Otherwise, all lines in a corpus file (or in \code{x}, if
\code{as_text} is \code{TRUE}), are glued together in one
character vector of length 1, with the string \code{line_glue}
pasted in between consecutive lines.
The value of \code{line_glue} can also be equal to the empty string \code{""}.
The 'line glue' operation is conducted immediately after the 'drop line' operation.}

\item{re_cut_area}{\code{NULL} or character vector. If \code{NULL}, it is ignored.
Otherwise, all matches in a corpus file (or in \code{x},
if \code{as_text} is \code{TRUE}), are 'cut out' of the text prior
to the identification of the tokens in the text (and are therefore
not taken into account when identifying the tokens).
The 'cut area' operation is conducted immediately after the 'line glue' operation.}

\item{re_token_splitter}{Regular expression or \code{NULL}.
Regular expression that identifies the locations where lines in the corpus
files are split into tokens. (See Details.)

The 'token identification' operation is conducted immediately after the
'cut area' operation.}

\item{re_token_extractor}{Regular expression that identifies the locations of the
actual tokens. This argument is only used if \code{re_token_splitter} is \code{NULL}.
(See Details.)

The 'token identification' operation is conducted immediately after the
'cut area' operation.}

\item{re_drop_token}{Regular expression or \code{NULL}. If \code{NULL}, it is ignored.
Otherwise, it identifies tokens that are to
be excluded from the results. Any token that contains a match for
\code{re_drop_token} is removed from the results.
The 'drop token' operation is conducted immediately after the 'token identification' operation.}

\item{re_token_transf_in}{Regular expression that identifies areas in the
tokens that are to be transformed. This argument works together with the argument
\code{token_transf_out}.

If both \code{re_token_transf_in} and \code{token_transf_out} differ
from \code{NA}, then all matches, in the tokens, for the
regular expression  \code{re_token_transf_in} are replaced with
the replacement string \code{token_transf_out}.

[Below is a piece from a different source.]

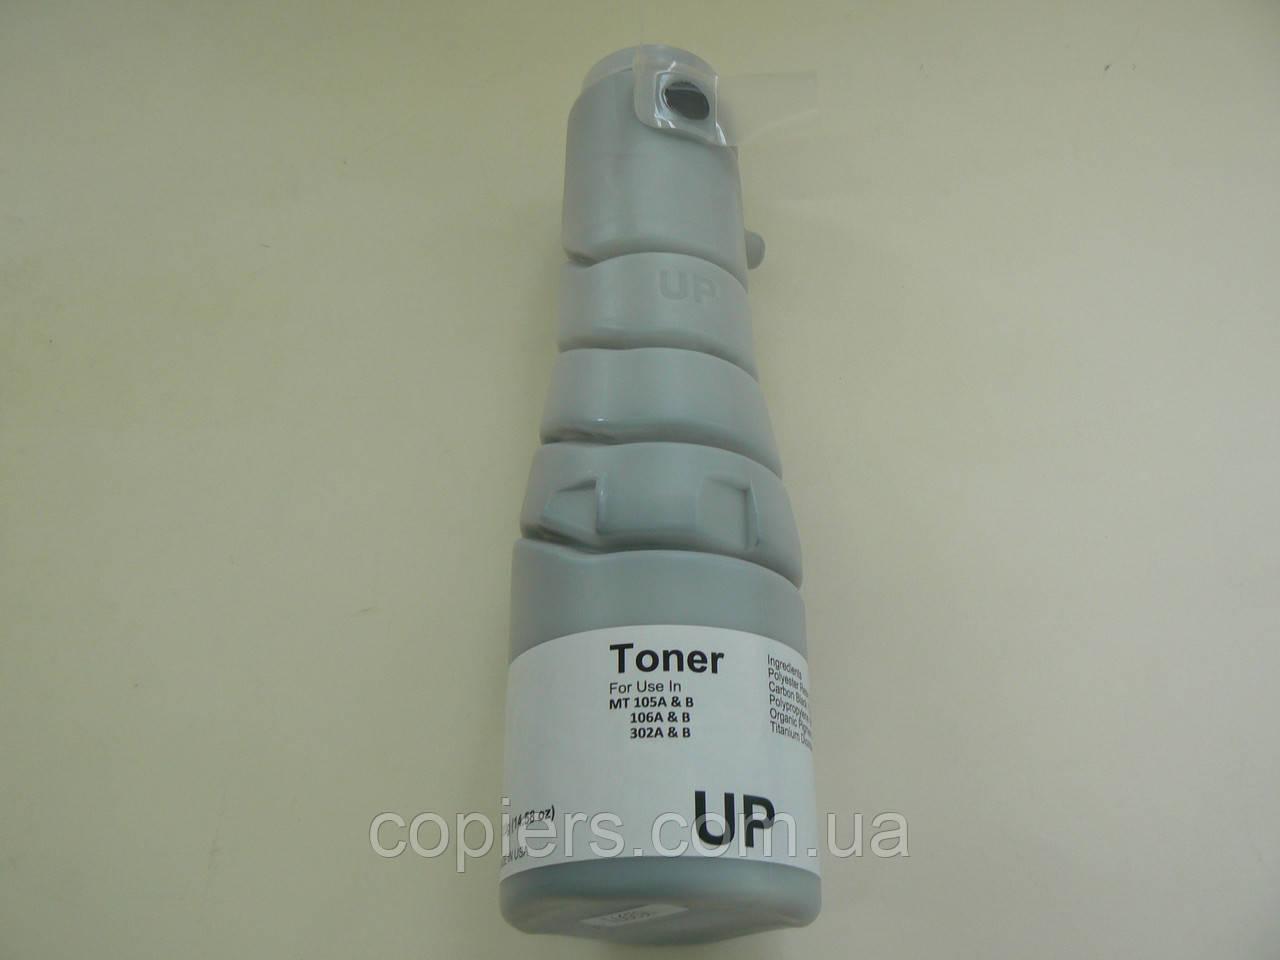 Тонер картридж TN-114 Konica Minolta bizhub 162/163/180/181210/211 не оригинал

The 'token transformation' operation is conducted immediately after the
'drop token' operation.}

\item{token_transf_out}{Replacement string. This argument works together with
\code{re_token_transf_in} and is ignored if \code{re_token_transf_in}
is \code{NULL} or \code{NA}.}

\item{token_to_lower}{Logical. Whether tokens must be converted
to lowercase before returning the result.
The 'token to lower' operation is conducted immediately after the
'token transformation' operation.}

\item{perl}{Logical. Whether the PCRE regular expression
flavor is being used in the arguments that contain regular expressions.}

\item{ngram_size}{Argument in support of ngrams/skipgrams (see also \code{max_skip}).

If one wants to identify individual tokens, the value of \code{ngram_size}
should be \code{NULL} or \code{1}. If one wants to retrieve
token ngrams/skipgrams, \code{ngram_size} should be an integer indicating
the size of the ngrams/skipgrams. E.g. \code{2} for bigrams, or \code{3} for
trigrams, etc.}

\item{max_skip}{Argument in support of skipgrams. This argument is ignored if
\code{ngram_size} is \code{NULL} or is \code{1}.

If \code{ngram_size} is \code{2} or higher, and \code{max_skip}
is \code{0}, then regular ngrams are being retrieved (albeit that they
may contain open slots; see \code{ngram_n_open}).

If \code{ngram_size} is \code{2} or higher, and \code{max_skip}
is \code{1} or higher, then skipgrams are being retrieved (which in the
current implementation cannot contain open slots; see \code{ngram_n_open}).

For instance, if \code{ngram_size} is \code{3} and \code{max_skip} is
\code{2}, then 2-skip trigrams are being retrieved.
Or if \code{ngram_size} is \code{5} and \code{max_skip} is
\code{3}, then 3-skip 5-grams are being retrieved.}

\item{ngram_sep}{Character vector of length 1 containing the string that is used to
separate/link tokens in the representation of ngrams/skipgrams
in the output of this function.}

\item{ngram_n_open}{If \code{ngram_size} is \code{2} or higher, and moreover
\code{ngram_n_open} is a number higher than \code{0}, then
ngrams with 'open slots' in them are retrieved. These
ngrams with 'open slots' are generalizations of fully lexically specific
ngrams (with the generalization being that one or more of the items
in the ngram are replaced by a notation that stands for 'any arbitrary token').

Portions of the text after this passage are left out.